Start of DATA SHOWN
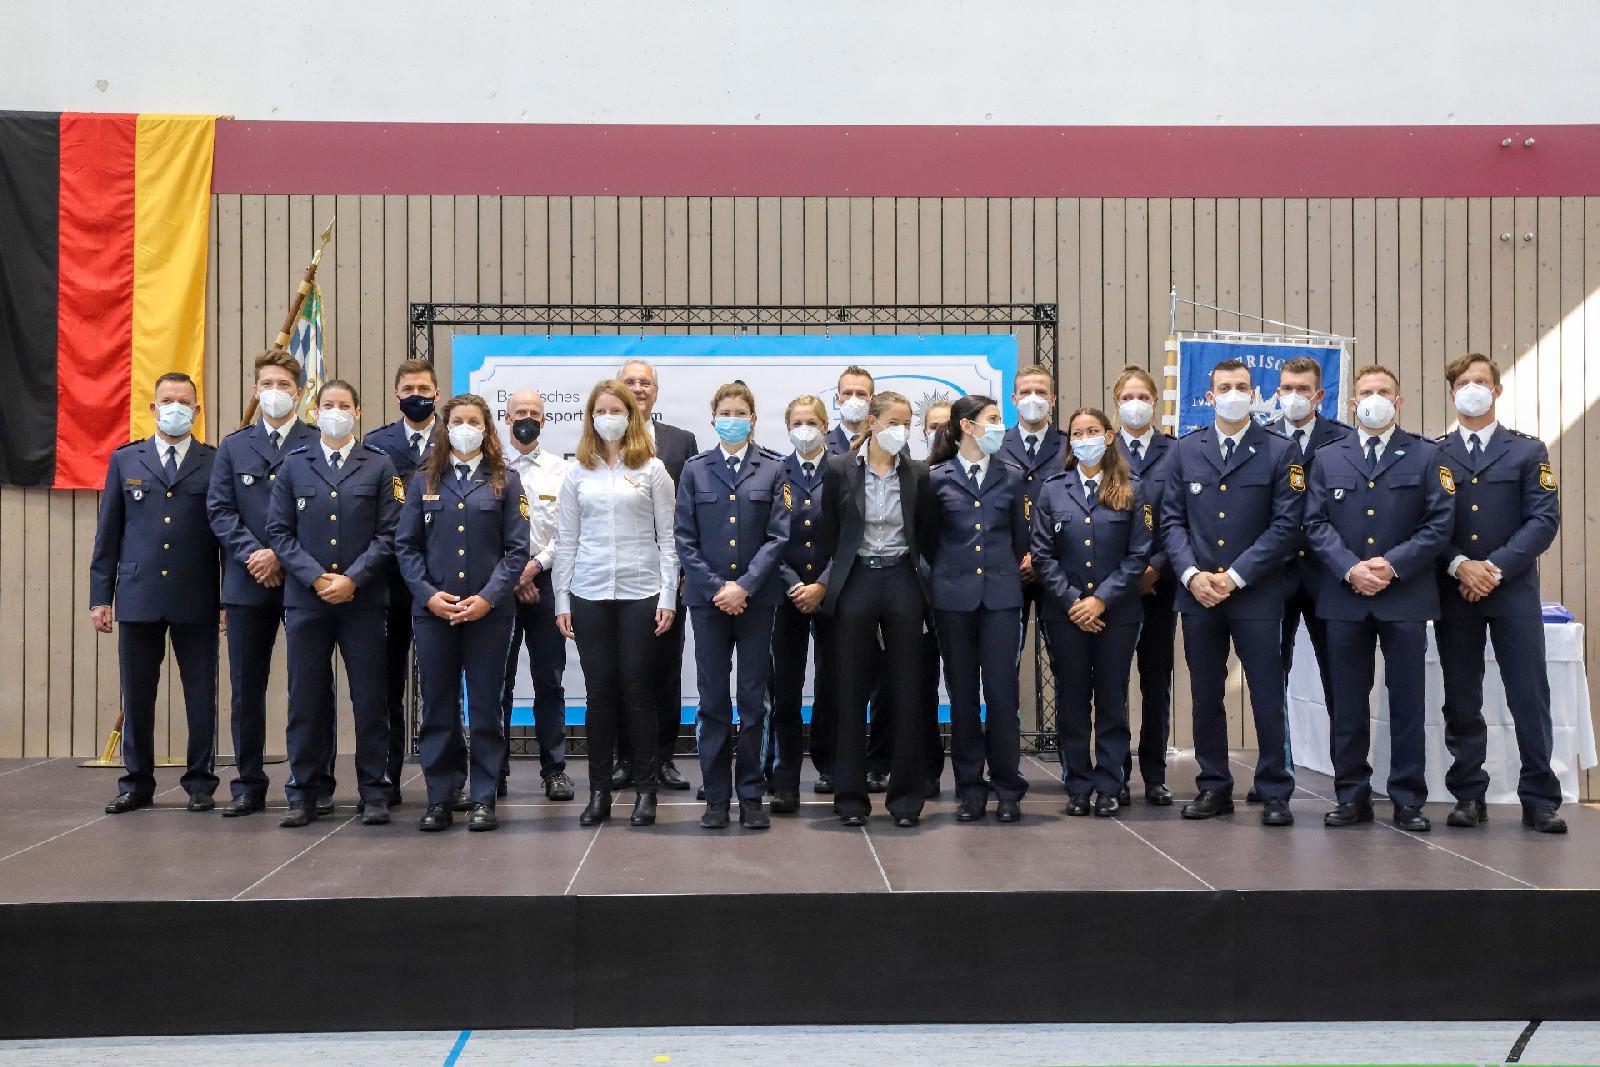 Herrmann ehrt 23 erfolgreiche Sportlerinnen und Sportler der Bayerischen Polizei für ausgezeichnete Leistungen
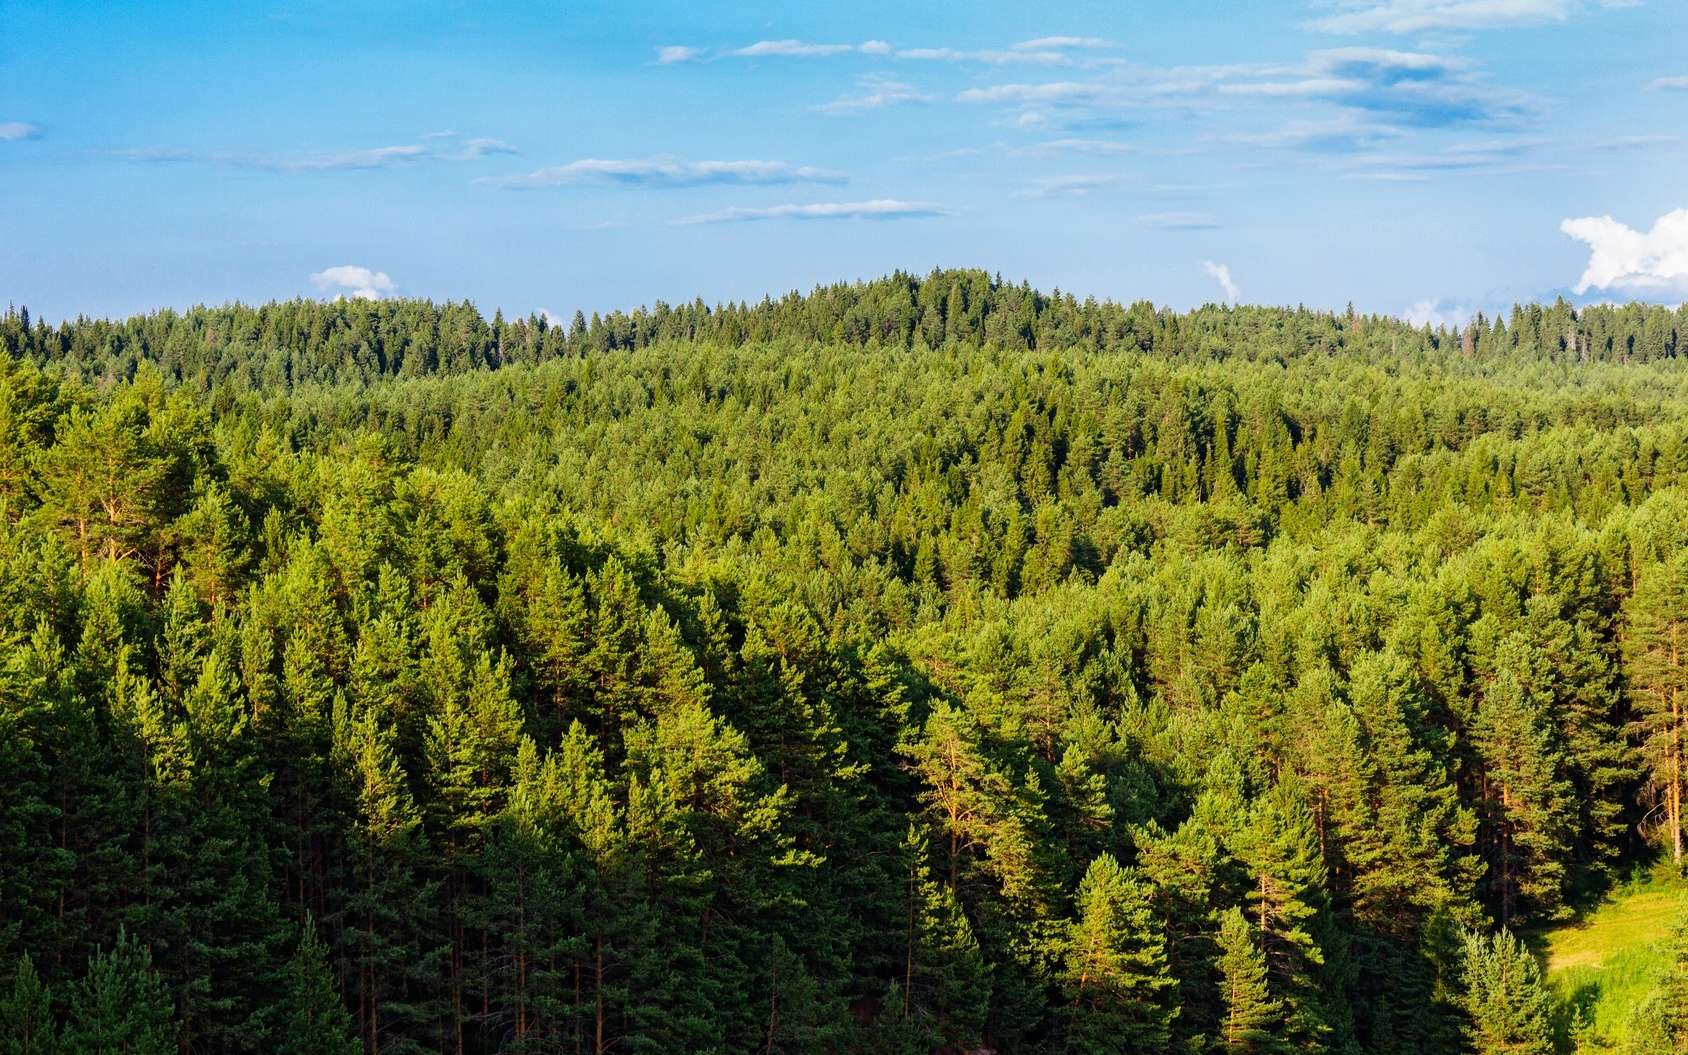 La taïga est une forêt boréale formée principalement de conifères. © Alx_Yago, Fotolia
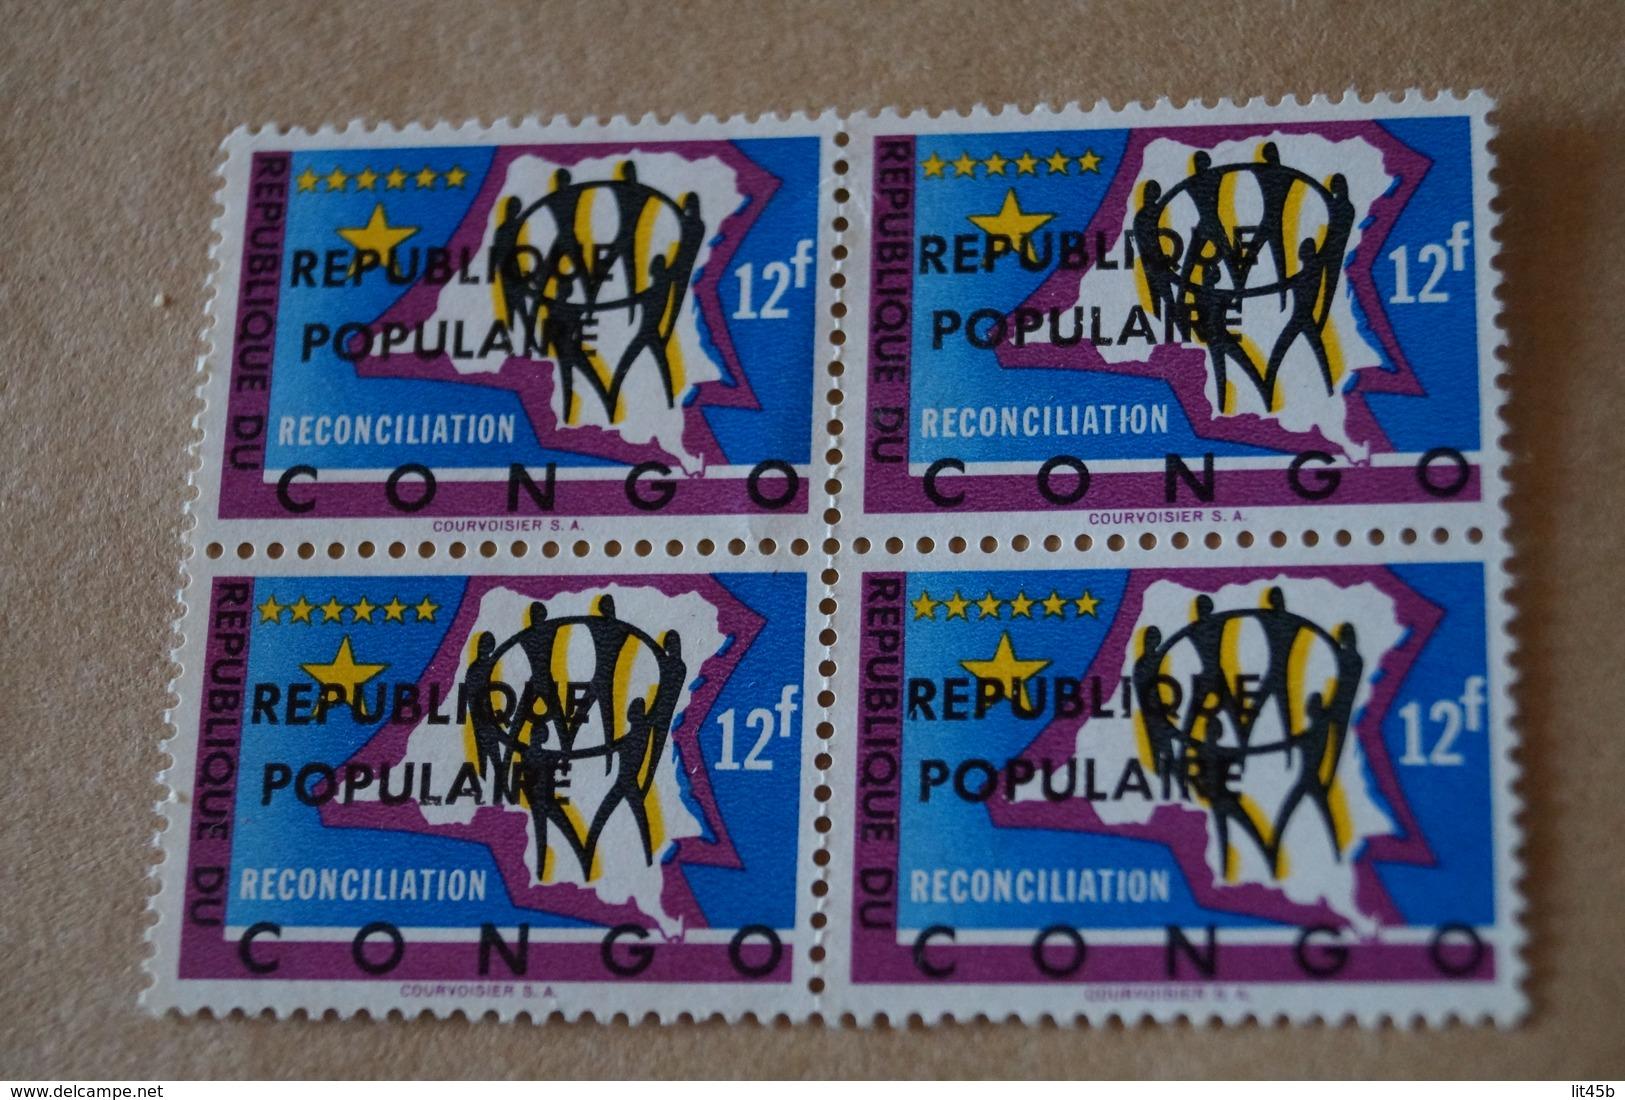 Feuillet De 4 Timbres,république Populaire,12 Fr. ,Réconciliation,Congo,4 Timbres Neuf Avec Gomme,collection. - Congo Belga
End of DATA SHOWN
## PROBLEM TO SOLVE
Write the data above out again exactly, minus its pictures.

## SOLUTION FOR THIS TASK
 Herrmann ehrt 23 erfolgreiche Sportlerinnen und Sportler der Bayerischen Polizei für ausgezeichnete Leistungen
 La taïga est une forêt boréale formée principalement de conifères. © Alx_Yago, Fotolia
 Feuillet De 4 Timbres,république Populaire,12 Fr. ,Réconciliation,Congo,4 Timbres Neuf Avec Gomme,collection. - Congo Belga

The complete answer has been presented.